Leitlinien für das Absetzen von Medikamenten fehlen |
Daniela Hüttemann |
11.06.2020 17:00 Uhr |
Ist wirklich jedes dieser Medikamente nötig? Das sollten die verordnenden Ärzte regelmäßig hinterfragen. / Foto: Adobe Stock/mrmohock
Angaben der University of South Australia zufolge nimmt rund eine Million Australier über 70 Jahre mindestens ein Medikament, das ihnen mehr schadet als nutzt. Es handele sich um ein weltweites Problem, denn nicht umsonst habe die Weltgesundheitsorganisation WHO die Polymedikation als eine der größten Bedrohungen für die Gesundheit benannt.

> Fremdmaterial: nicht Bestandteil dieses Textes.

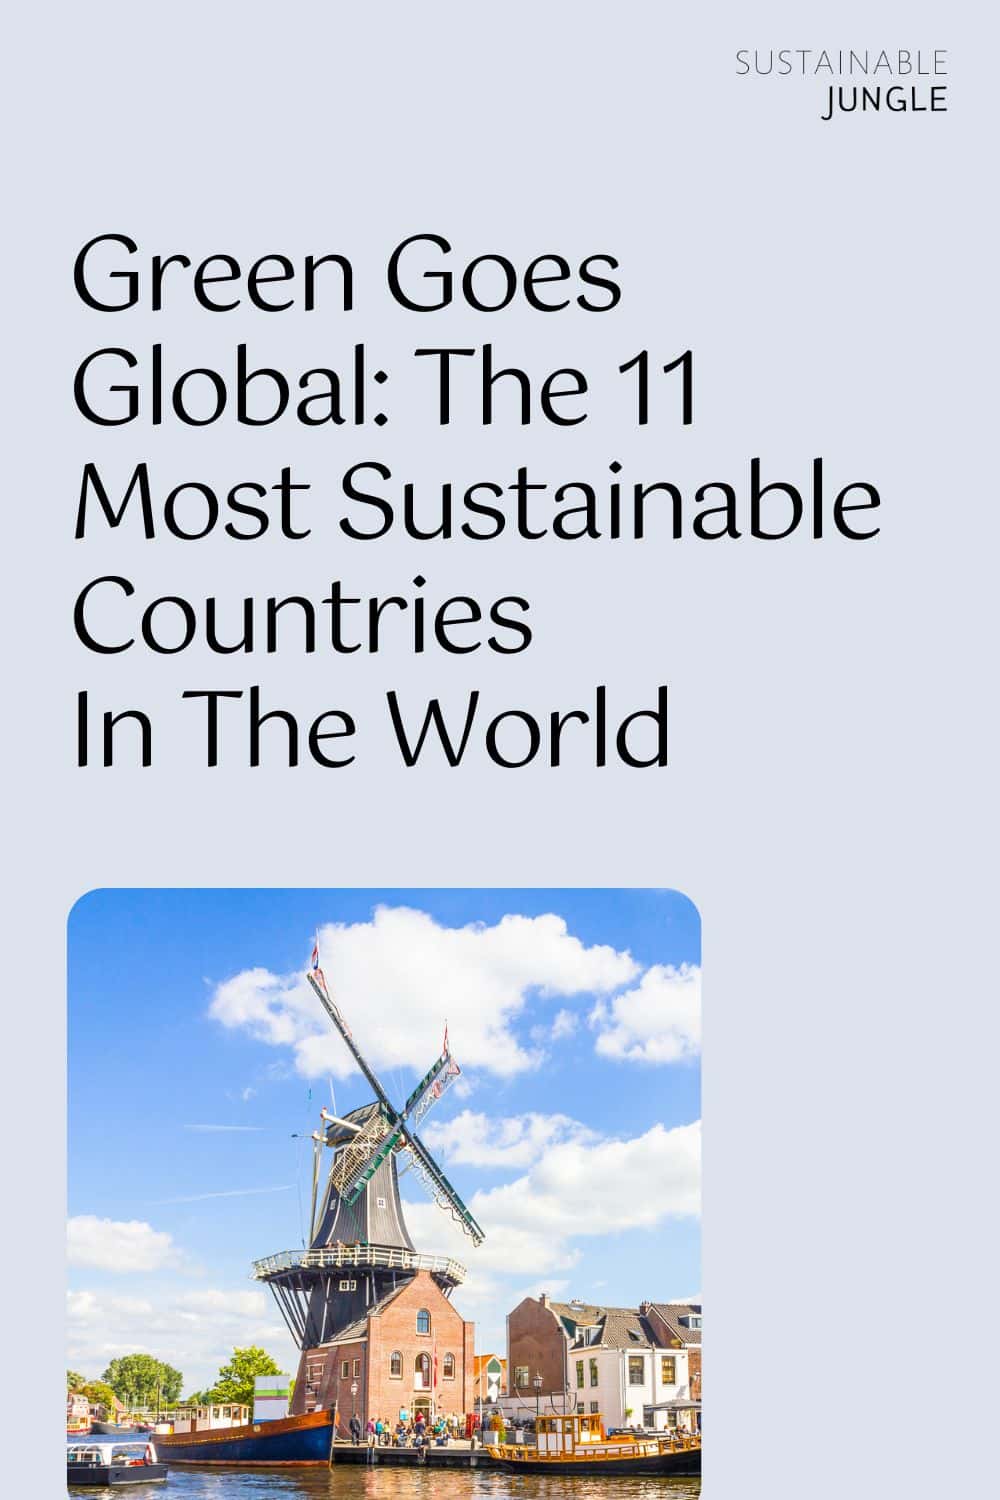 Green Goes Global: The 11 Most Sustainable Countries In The World Image by gianliguori #mostsustainablecountry #mostsustainablecountriesintheworld #greenstcountries #mostgreencountry #whatisthemostsustainablecountry #mostenvironmentallyfriendlycountries #sustainablejungle

Klinische Pharmazeuten der Universität mit Sitz in Adelaide wollen nun untersuchen, wie sich solch ungeeignete Medikamente am sichersten absetzen lassen. Denn es gebe bislang kaum Empfehlungen, wie eine Medikamentengabe bei Senioren gestoppt werden sollte. »Ein typischer älterer Australier hat vier chronische Erkrankungen und nimmt dauerhaft sechs Medikamente ein, von denen eines ungeeignet ist«, sagt die Apothekerin Dr. Emily Reeve. Das Absetzen erscheine leicht, sei jedoch ein komplexer Prozess. Klinisch tätige Ärzte hätten ihr das Feedback gegeben, dass fehlende Leitlinien das sogenannte Deprescribing behinderten. Zudem sei es in den Köpfen verankert, dass ein Absetzen weniger wichtig als das Ansetzen sei. Das sieht die Pharmazeutin jedoch anders.

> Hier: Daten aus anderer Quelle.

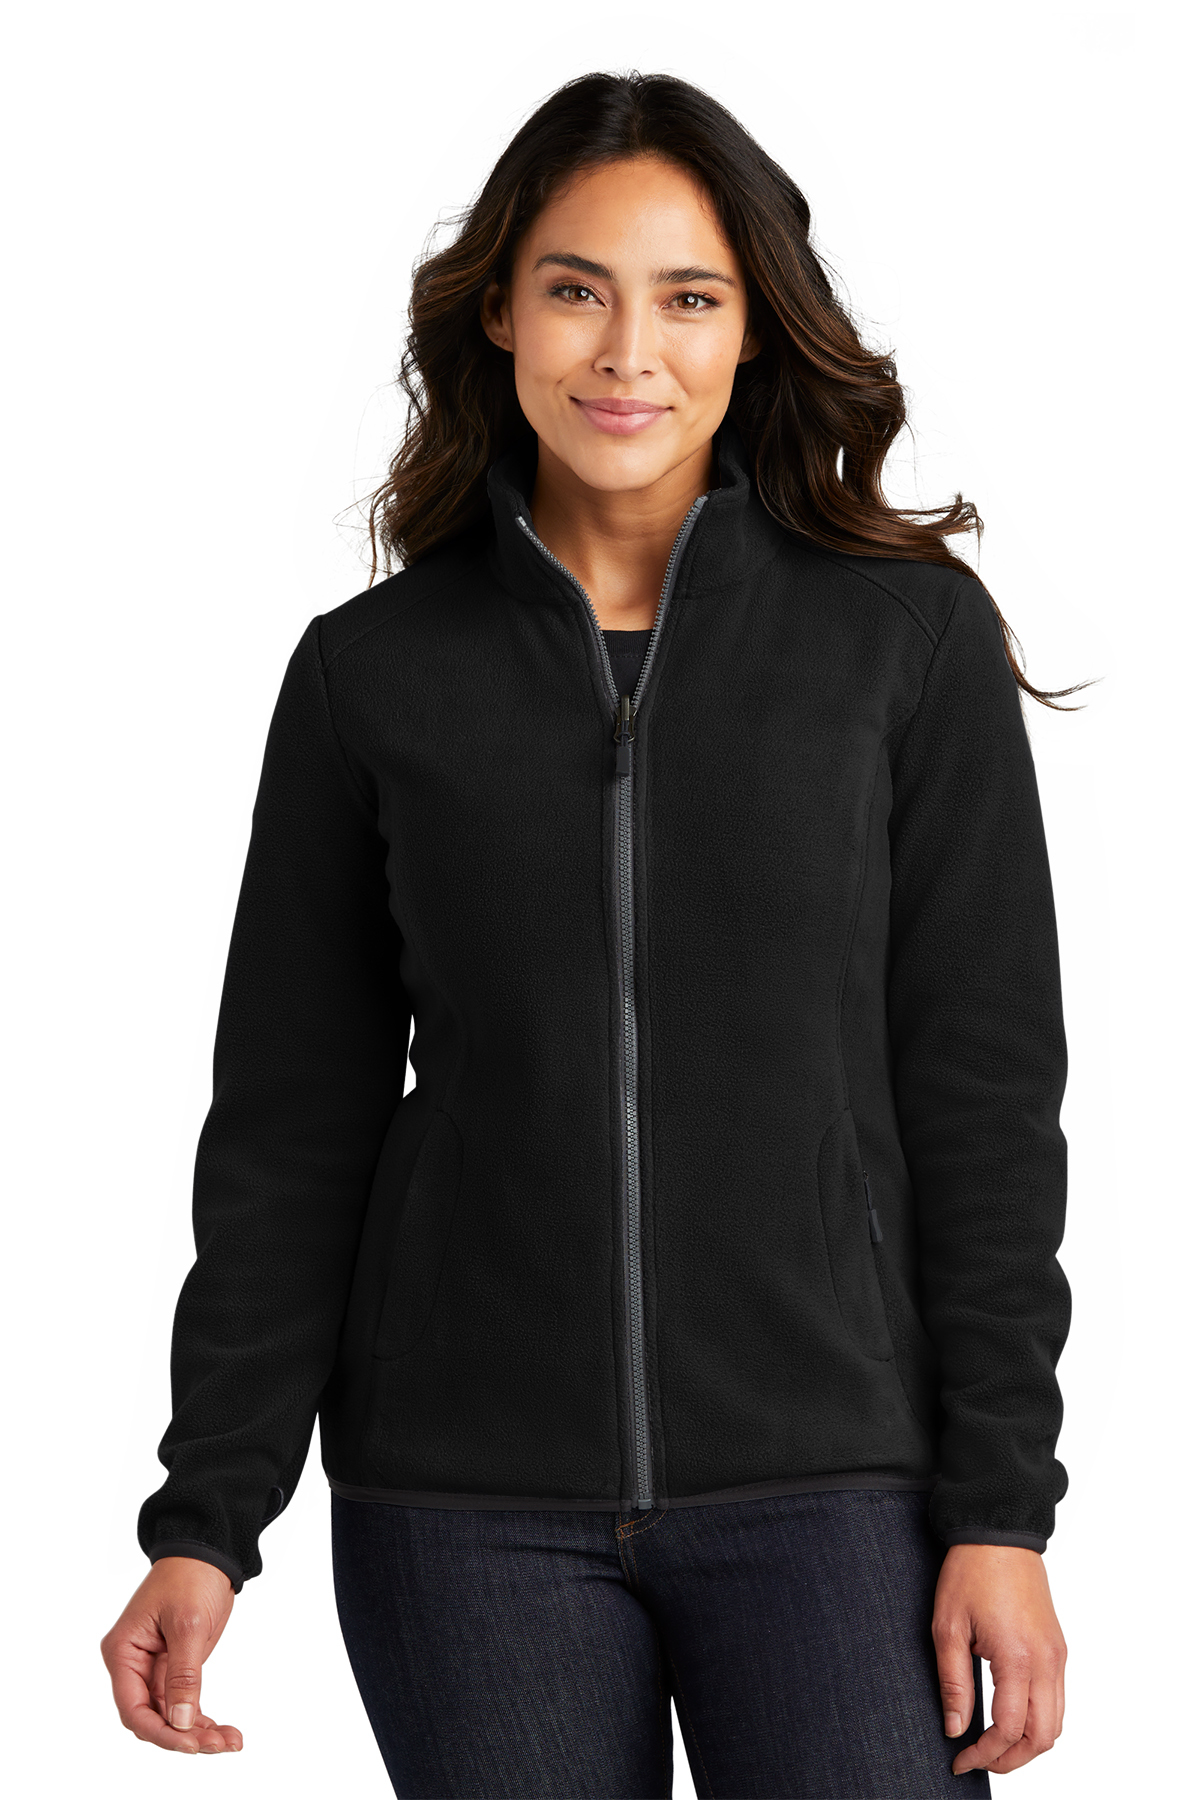 Port Authority Ladies All-Weather 3-in-1 Jacket | Product | Port Authority

Die australischen Forscher wollen in den kommenden fünf Jahren nun entsprechende Empfehlungen entwickeln, in Zentren für die Betreuung von Senioren etablieren und den Effekt auswerten. Ein Fokus soll dabei auf den Antipsychotika liegen. Dafür erhielten sie kürzlich eine staatliche Finanzierung von umgerechnet knapp einer Million Euro. Gut investiertes Geld: »In Seniorenheimen in Australien schlagen ungeeignete Medikamente mit 20 Prozent der Verordnungskosten zu Buche«, so Reeve. Dieses Geld solle besser für eine angemessene Therapie inklusive nicht-medikamentöser Maßnahmen eingesetzt werden.
Auch in Deutschland sind unnötig verschriebene beziehungsweise weiter verordnete Medikamente ein großes Problem, zum Beispiel bei Anticholinergika, Protonenpumpeninhibitoren oder Benzodiazepinen.